Many newspapers, however, highlighted a warning by Bill Gates of Microsoft that there may be computer glitches further down the line, and the Times of London led its front page Monday with the news that the bug had “affected a computer at the main uranium storage site for the US nuclear arsenal. … The exact nature of the malfunction at the Oak Ridge National Laboratory’s Y-12 nuclear weapons plant was not disclosed because the computer controls a classified function,” the paper said. As the millennium euphoria began to evaporate, the Italian papers led Monday on chaos and transport paralysis in Rome as 3 million people invaded the city for the start of what the pope has called its jubilee year. In the London press, there was criticism of the organization of the British millennium celebrations, especially–in the letters page of the Guardian–of the lack of public toilets along the Thames. “Elegantly dressed women had to squat and urinate in shop doorways because there were no facilities,” one correspondent wrote.

Queen Elizabeth II, who had been criticized for not crossing her arms to hold hands with her husband Prince Philip and Prime Minister Tony Blair for the singing of “Auld Lang Syne” in the Millennium Dome, was vindicated Monday by the tabloid Daily Mirror, which said that arms are not supposed to be linked until the last verse of Robert Burns’ poem, which starts “And there’s a hand, my trusty fere [friend].” The president of the Burns Federation explained, “It’s no use singing ‘There’s a hand’ if you already have a hand.” In Paris, Le Monde reported Sunday that half a dozen false messiahs were taken to hospital in Jerusalem for psychiatric tests.

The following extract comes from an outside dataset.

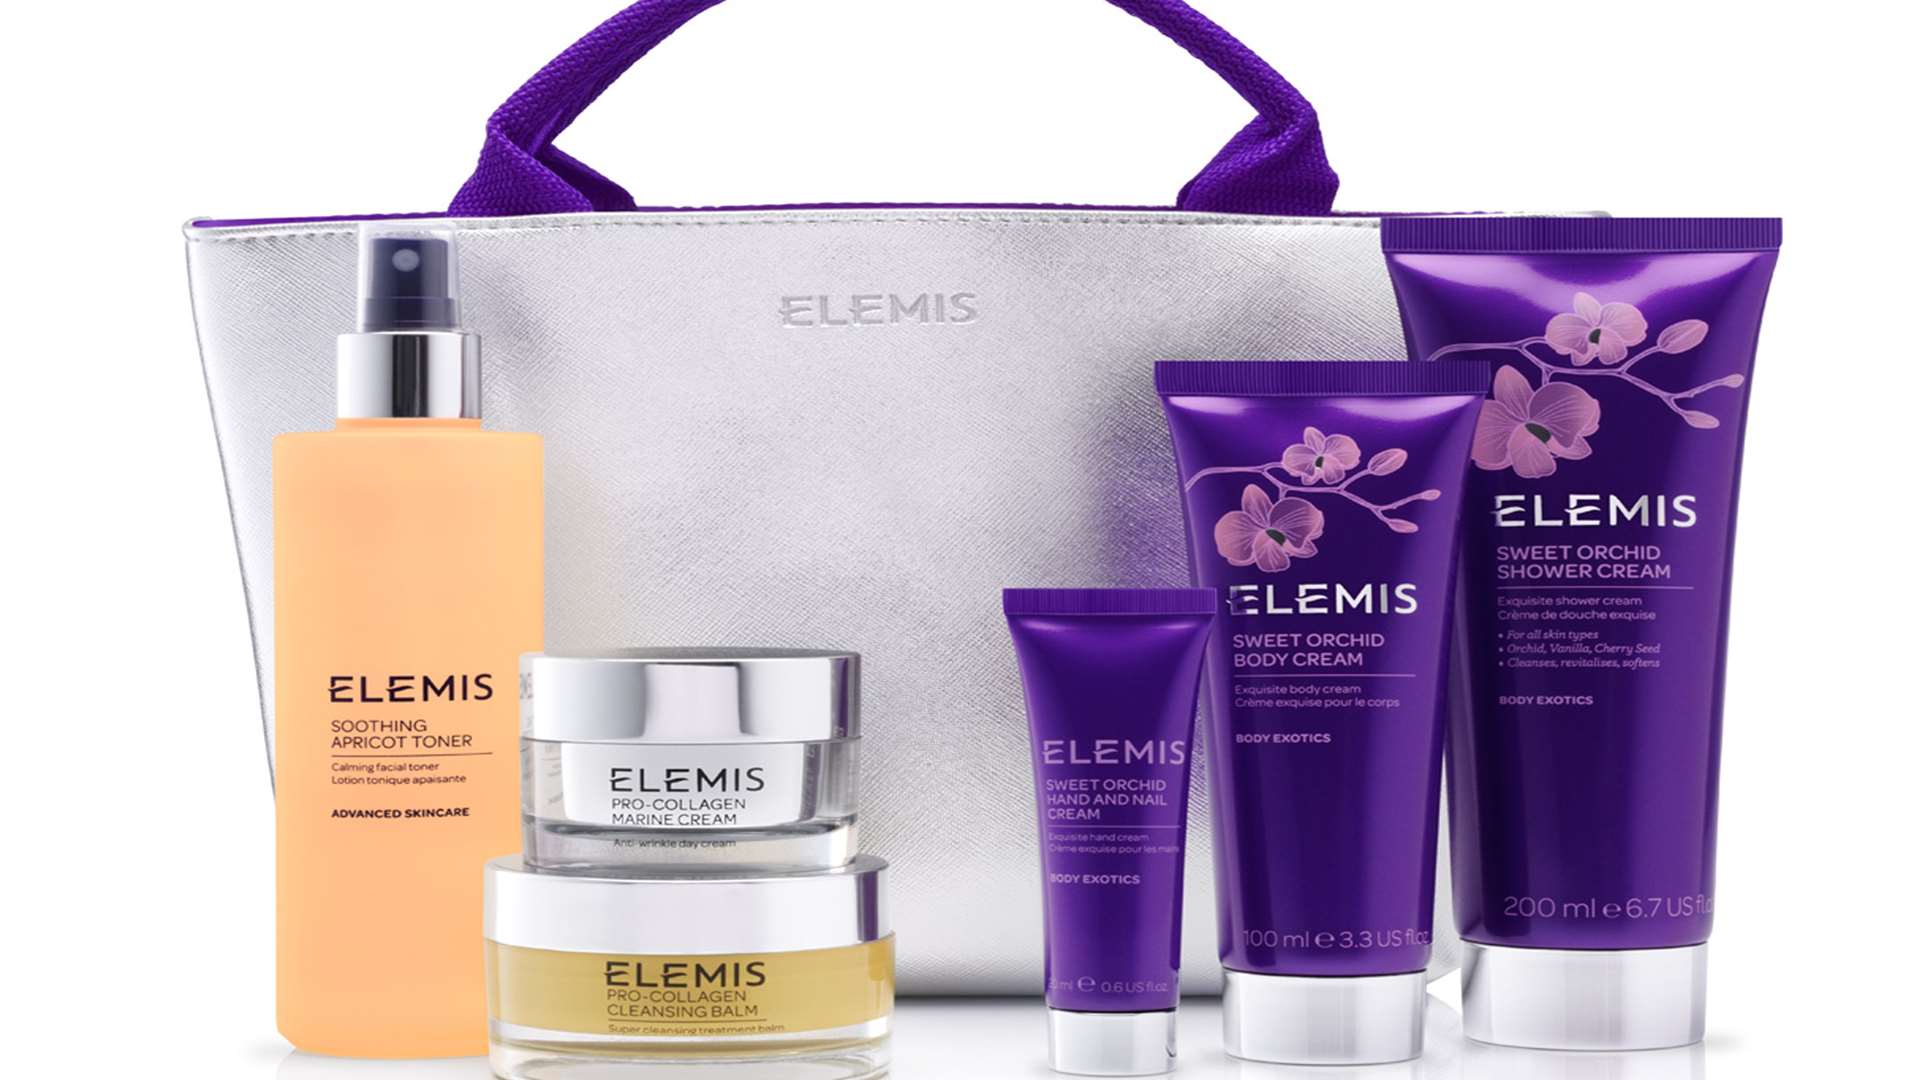 FOR HER: It's back and it's more beautiful than ever: Elemis and QVC have once again teamed up to offer a pair of Sensational Skin Collections, in Frangipani Monoi or new Sweet Orchid scents, at a massive discount - but for one day only. The six-piece sets (plus a silver tote bag), worth over £130, will be on sale for under £45 from midnight on November 15, so make sure you've got the date in your diary.

In an editorial Monday, the Israeli daily Ha’aretz called for the resignation of President Ezer Weizman after his office confirmed a newspaper report that between 1988 and 1993, when he was a member of the Knesset and a government minister, he received gifts of money totaling $453,000 from French millionaire Edward Sarusi. “Weizman must step down as president now, not later, because he lacks the uprightness required of a public figure, and even now does not understand what he did wrong,” the paper said. “If the president of the state does not pay the price for his actions, it will no longer be possible to demand proper conduct from other public servants. The role of the president is a symbolic one, and the symbol has to be a role model, not a symbol that engenders opprobrium.”